One key element of music, either overlooked or over-stressed, is the pulse. Pulse combines moments in time into a single experiential statement without words. There is neither word nor language where its voice is not felt. In a choral work, pulse (gut), sound (ear), and intellect (eye) are all unified. In a musical work without choir, no translation is required for the impact to be known.

The great tradition of Christian choral music is unmatched, and often in a single work, the entire drama of the liturgy is presented. E.g. Bach B Minor Mass, the Clavierubung 3 which can be heard as an exploration of the doctrine of the Trinity, (but is equally fine without explanation), the Beethoven Missal Solemnis, and the Brahms Requiem, just to mention a very few but from various traditions and by both believers and those whose faithfulness in their art belies any thought that they are somehow 'outside' rather than in.

Now, given that too brief background, filled with claims of benefit, I want to look specifically at Liturgical form and the response of the body to the drama of the Eucharist.

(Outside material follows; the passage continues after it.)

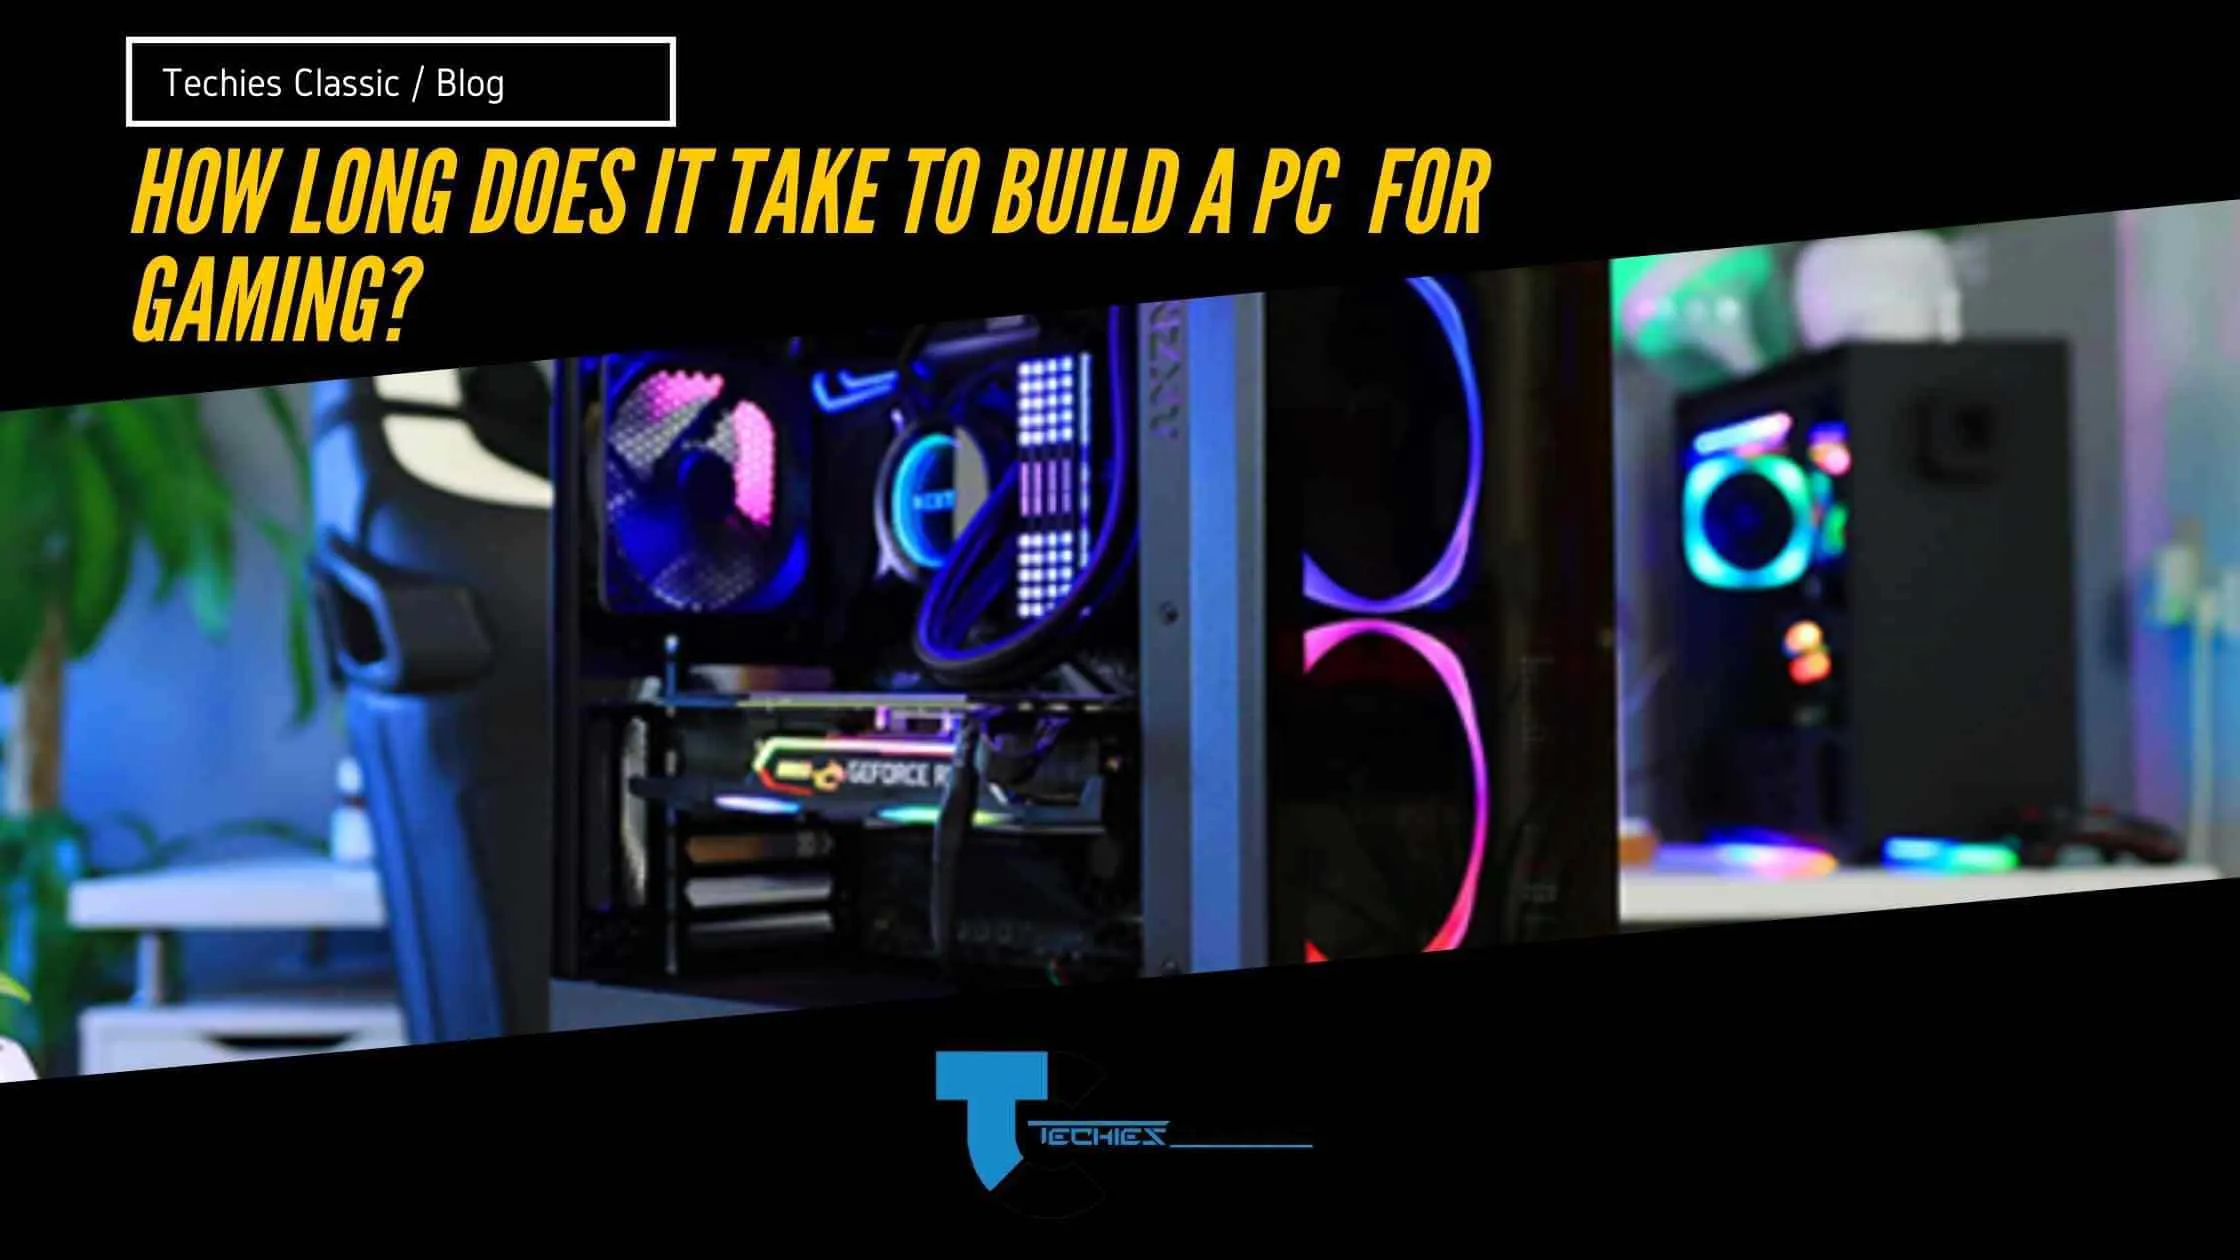 How Long Does It Take To Build A Pc?

This is the response that I have begun to perceive as a part of the Anglican tradition for many years (over 60 of them).

Most Anglicans are not aware of the importance of the rhythm of our response as body in the liturgy. It is more than the great Amen, though it is that Amen spread out over the length of the liturgical act from procession, introit, and greeting through Kyrie and Gloria, then the lessons: The lesson from the Hebrew Bible can be sung, but usually isn't. The Psalm is sung, the Epistle not, but Gospel acclamation with a surrounding hymn allows the music to continue its commentary. Following the sermon, the Creed is sung. Often there are sung responses to the intercessions. This is a good practice. Following the confession, the peace is sung and its response.

The choices of hymns are obviously important. Not everyone would agree with my choices, but there are plenty of hymns I would avoid. Not all hymns are musical. Not all words are poetry or edifying. I've done plenty of happy-clappy stuff and it is fortunately transient (most of it).

The Eucharist itself is a full musical expression even if the prayer is mostly said. Training the priest to sing the Sursum Corda can be a difficult job, but must be done and can 95% of the time be quite successful even for the priest with little musical training - but why should such ever be the case! No person should be raised without musical training. In Islamic tradition, the poetry has to be recited to be the word of God. They are right on this point. Music opens the ear. The Sanctus, Benedictus, and Agnus Dei punctuate and complete the prayer of consecration.  Our priests always pick their note out of the air when they switch from speaking to singing. They get really good at it, even those whose musical training is limited. The Pater Noster completes the music before communion.

Then there are the closing hymns. Many beautiful hymns are available for post-communion. Many of those I grew up with never get chosen these days. And some a little too sentimental for me so creep in. But you win some and you lose some as people learn.

You can see there is plenty of music and plenty of opportunity to respond together in beauty. Also plenty of opportunity to have a choral (proxy) response that the congregation participates in silently.

Generally, the churches I have been part of have done music out of inertia rather than the conscious impulse required for planning a dramatic presentation (which is what the Eucharist is). The leaders in the Christian community have been concerned with correct doctrine or social justice both of which have some place, but often with music as an afterthought. Liturgical training of children must include serious music or there will be no one to continue the work. But the musicians who know why music is in the liturgy are few and those who can plan and pace it all well are few. Why should we ignore what is a vital part of our development and understanding?

As for worship - yes - it is the critical aspect of what we are called to. Certainly it should not be done sloppily or without preparation. Worship is worthy of disciplined effort. It's more than a matter of dropping in for a visit.

There is no mention of entertainment in this post. And the best expression of some gifts should be left to the trained choir. By all means pay them a stipend. Keep the talent in the tradition and make it work from generation to generation. But we are so far behind, and so filled with conflict, of taste or tradition, where and how will we restart?